The column generation algorithm requires the solution of a knapsack problem.
We define the constraints of the knapsack problem globally because Mosel 
does not delete them at the end of a function (due to its principle of incremental model formulation).
!)
 
 declarations
  NWIDTHS = 5                          ! Number of different widths
  WIDTHS = 1..NWIDTHS                  ! Range of widths
  RP: range                            ! Range of cutting patterns
  MAXWIDTH = 94                        ! Maximum roll width
  EPS = 1e-6                           ! Zero tolerance

  WIDTH: array(WIDTHS) of real         ! Possible widths
  DEMAND: array(WIDTHS) of integer     ! Demand per width
  PATTERNS: array(WIDTHS, WIDTHS) of integer  ! (Basic) cutting patterns

  use: dynamic array(RP) of mpvar      ! Rolls per pattern
  soluse: dynamic array(RP) of real    ! Solution values for variables `use'
  Dem: array(WIDTHS) of linctr         ! Demand constraints
  MinRolls: linctr                     ! Objective function
 
  KnapCtr, KnapObj: linctr             ! Knapsack constraint+objective
  x: array(WIDTHS) of mpvar            ! Knapsack variables
 end-declarations

 WIDTH::  [ 17, 21, 22.5,  24, 29.5] 
 DEMAND:: [150, 96,   48, 108,  227]

                                       ! Make basic patterns
 forall(j in WIDTHS)  PATTERNS(j,j) := floor(MAXWIDTH/WIDTH(j))
(! Alternative starting patterns, particularly for small demand values:
 forall(j in WIDTHS)
   PATTERNS(j,j) := minlist(floor(MAXWIDTH/WIDTH(j)),DEMAND(j)) 
 forall(j in WIDTHS)  PATTERNS(j,j) := 1
!)

 forall(j in WIDTHS) do
  create(use(j))                       ! Create NWIDTHS variables `use'
  use(j) is_integer                    ! Variables are integer and bounded
  use(j) <= integer(ceil(DEMAND(j)/PATTERNS(j,j)))
 end-do

 MinRolls:= sum(j in WIDTHS) use(j)    ! Objective: minimize no. of rolls

                                       ! Satisfy all demands
 forall(i in WIDTHS) 
  Dem(i):= sum(j in WIDTHS) PATTERNS(i,j) * use(j) >= DEMAND(i)  

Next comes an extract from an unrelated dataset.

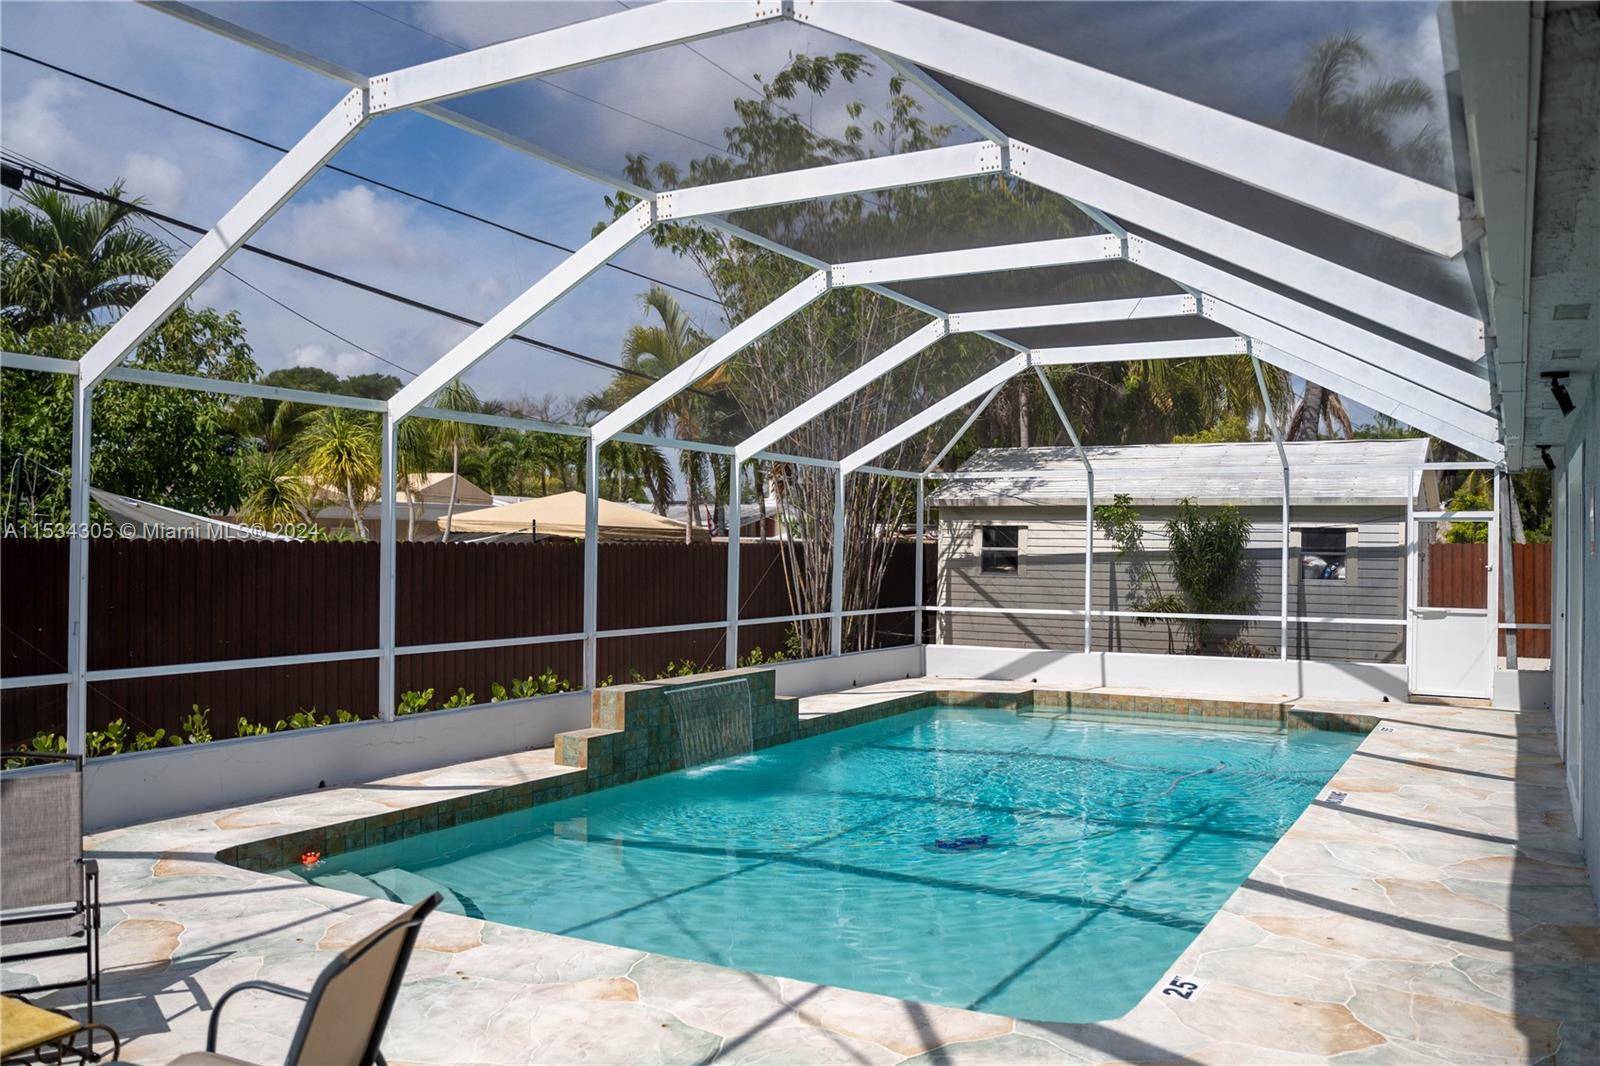 Cutler Bay Pool home. Over 2000 square feet featuring 4 bedrooms and 2 bathrooms spacious bedrooms split plan.
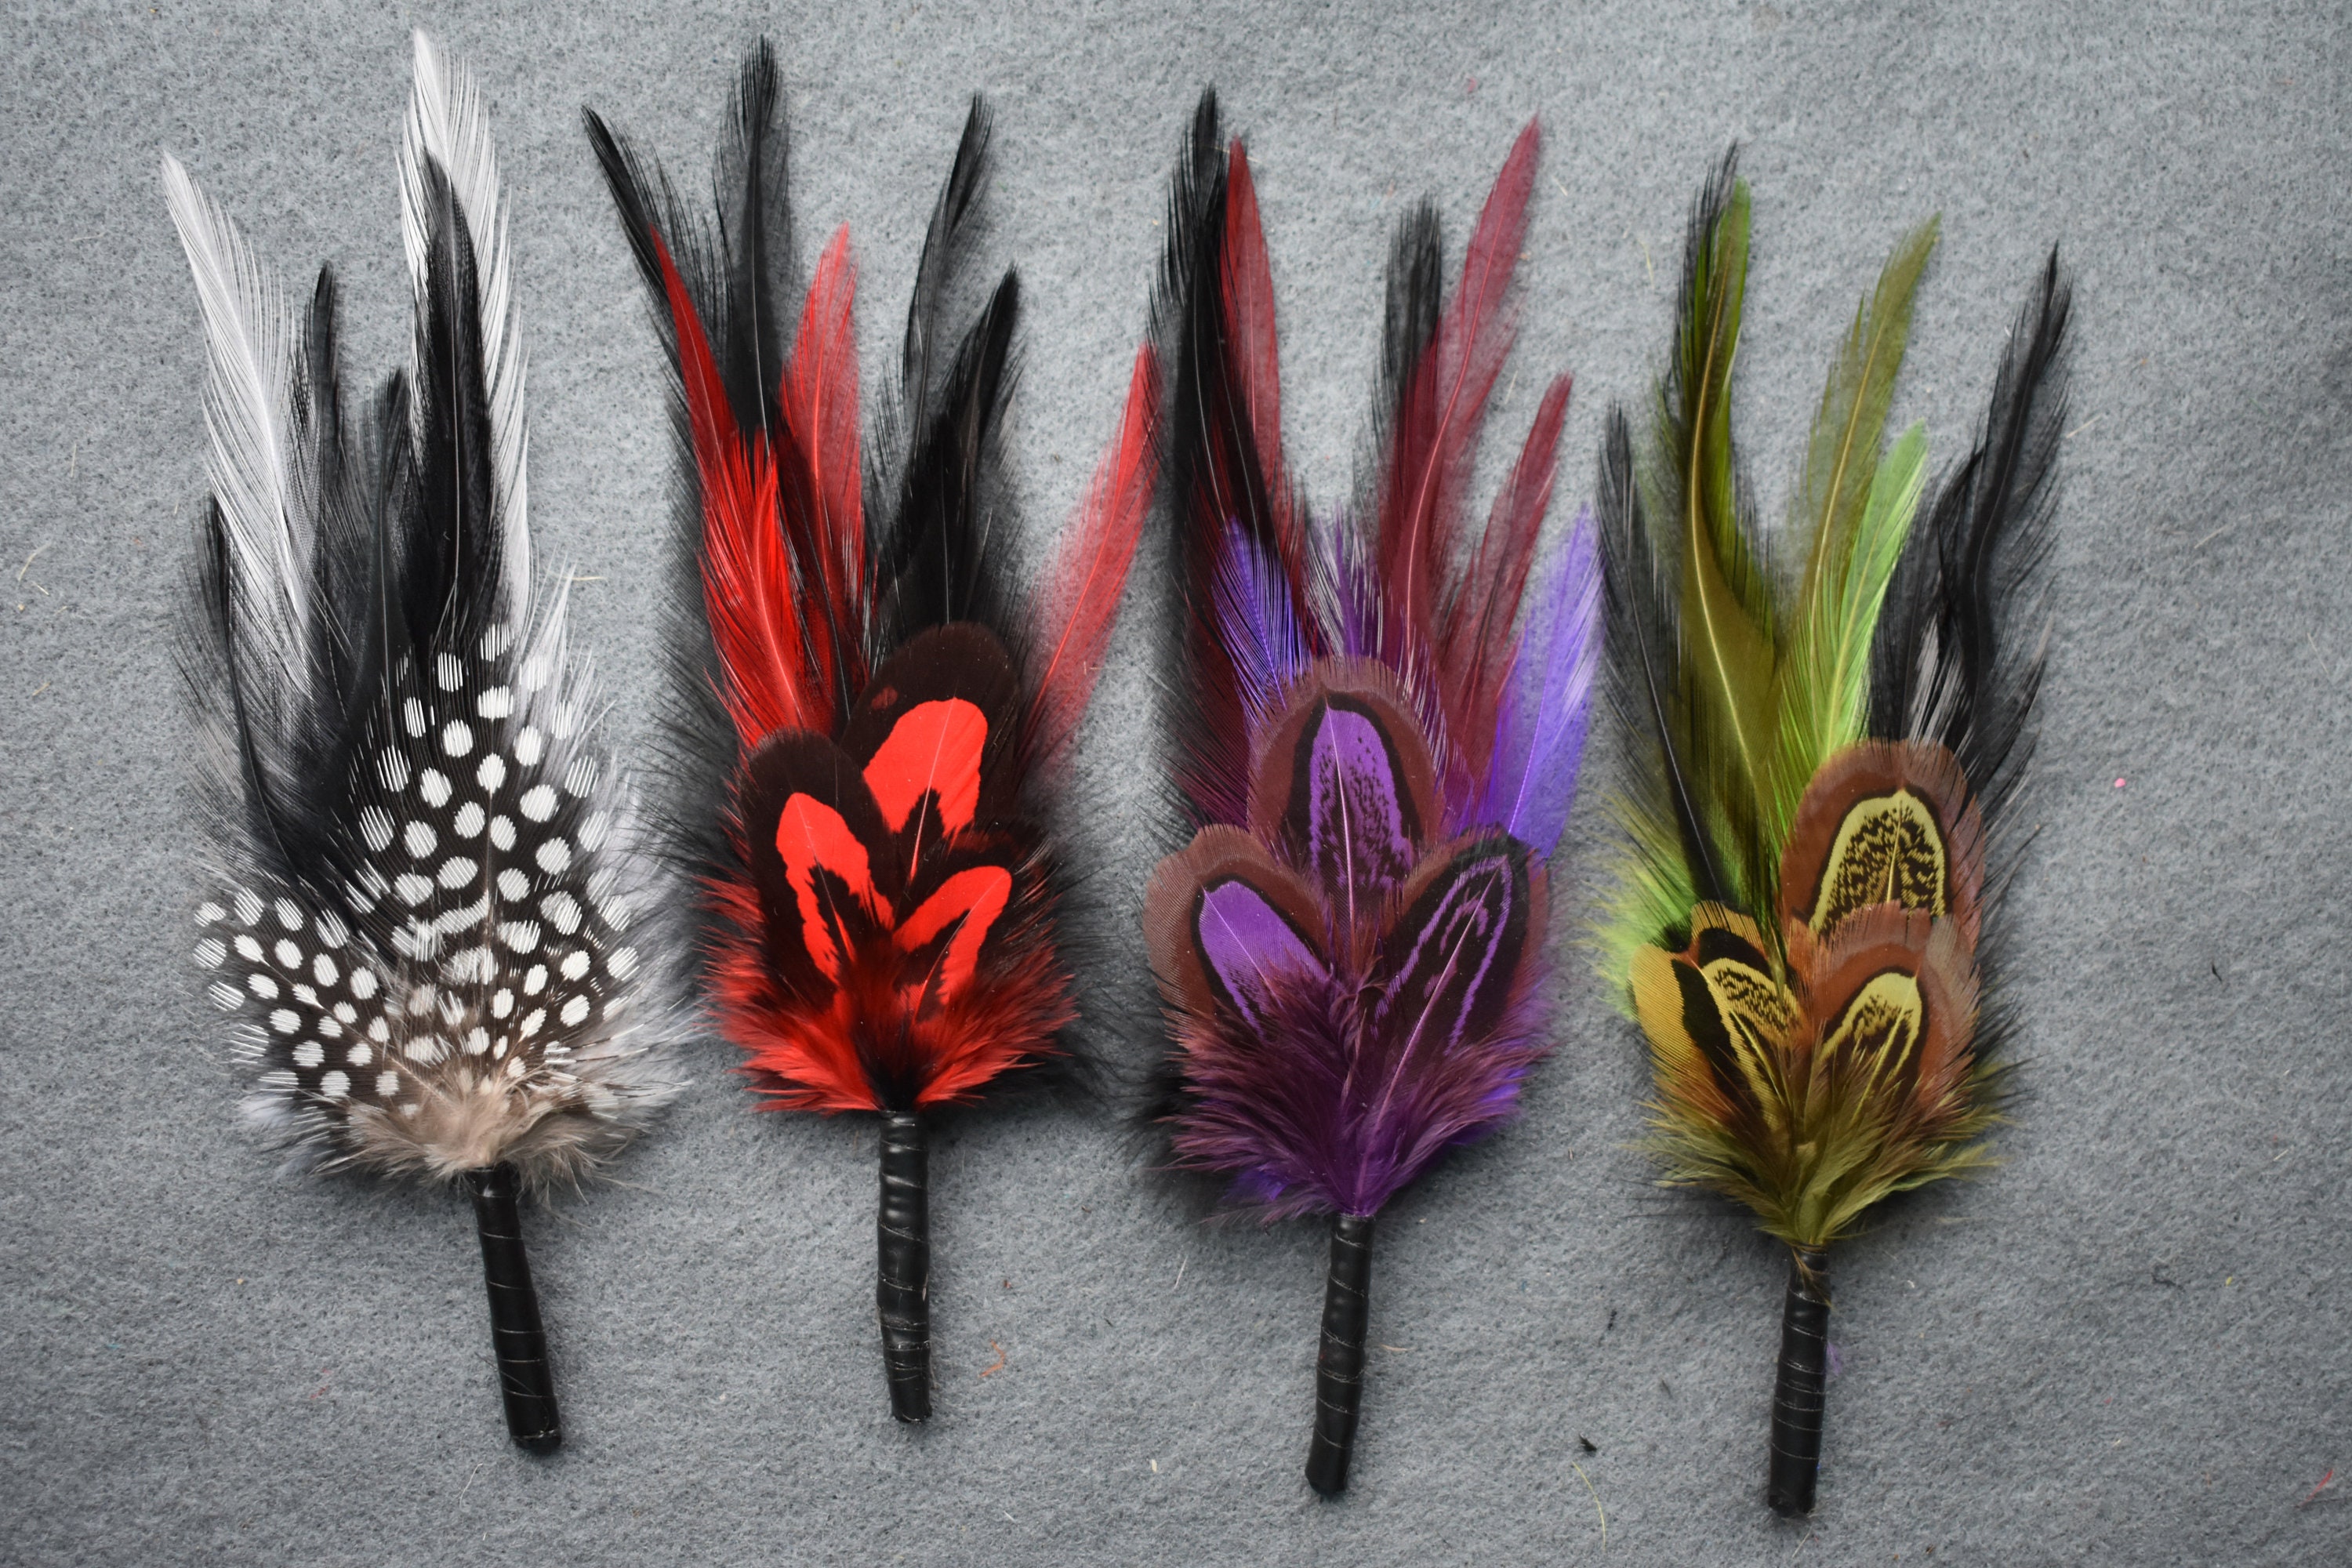 Bulk Feathers Assortment, 600 Brightly colored feathers, Bulk Feathers,  Bridal feathers, Embellishment Hat Feathers, Kids crafts

 column_gen                            ! Column generation at top node

 minimize(MinRolls)                    ! Compute the best integer solution
                                       ! for the current problem (including
                                       ! the new columns)
 writeln("Best integer solution: ", getobjval, " rolls")
 write("  Rolls per pattern: ")
 forall(i in RP) write(getsol(use(i)),", ")
 writeln   

!************************************************************************
!  Column generation loop at the top node:
!    solve the LP and save the basis
!    get the solution values
!    generate new column(s) (=cutting pattern)
!    load the modified problem and load the saved basis
!************************************************************************
 procedure column_gen

  declarations
   dualdem: array(WIDTHS) of real 
   xbest: array(WIDTHS) of integer
   dw, zbest, objval: real 
   bas: basis
  end-declarations

  setparam("XPRS_verbose", true)

  setparam("XPRS_PRESOLVE", 0)         ! Switch presolve off
  setparam("zerotol", EPS)             ! Set comparison tolerance of Mosel
  npatt:=NWIDTHS
  npass:=1

  while(true) do
    minimize(XPRS_LIN, MinRolls)       ! Solve the LP

    savebasis(bas)                     ! Save the current basis
    objval:= getobjval                 ! Get the objective value

                                       ! Get the solution values
    forall(j in 1..npatt)  soluse(j):=getsol(use(j))
    forall(i in WIDTHS)  dualdem(i):=getdual(Dem(i))
                                       ! Solve a knapsack problem
    zbest:= knapsack(dualdem, WIDTH, MAXWIDTH, DEMAND, xbest, npass) - 1.0

    write("Pass ", npass, ": ")   
    if zbest = 0 then                  ! Same as zbest <= EPS
      writeln("no profitable column found.\n")
      break
    else 
      show_new_pat(zbest, xbest)       ! Print the new pattern
      npatt+=1
      create(use(npatt))               ! Create a new var. for this pattern
      use(npatt) is_integer

      MinRolls+= use(npatt)            ! Add new var. to the objective
      dw:=0
      forall(i in WIDTHS)                 
        if xbest(i) > 0 then
         Dem(i)+= xbest(i)*use(npatt)  ! Add new var. to demand constr.s
         dw:= maxlist(dw, ceil(DEMAND(i)/xbest(i) )) 
        end-if
      use(npatt) <= dw                 ! Set upper bound on the new var.
                                       ! (useful when PRESOLVE is off)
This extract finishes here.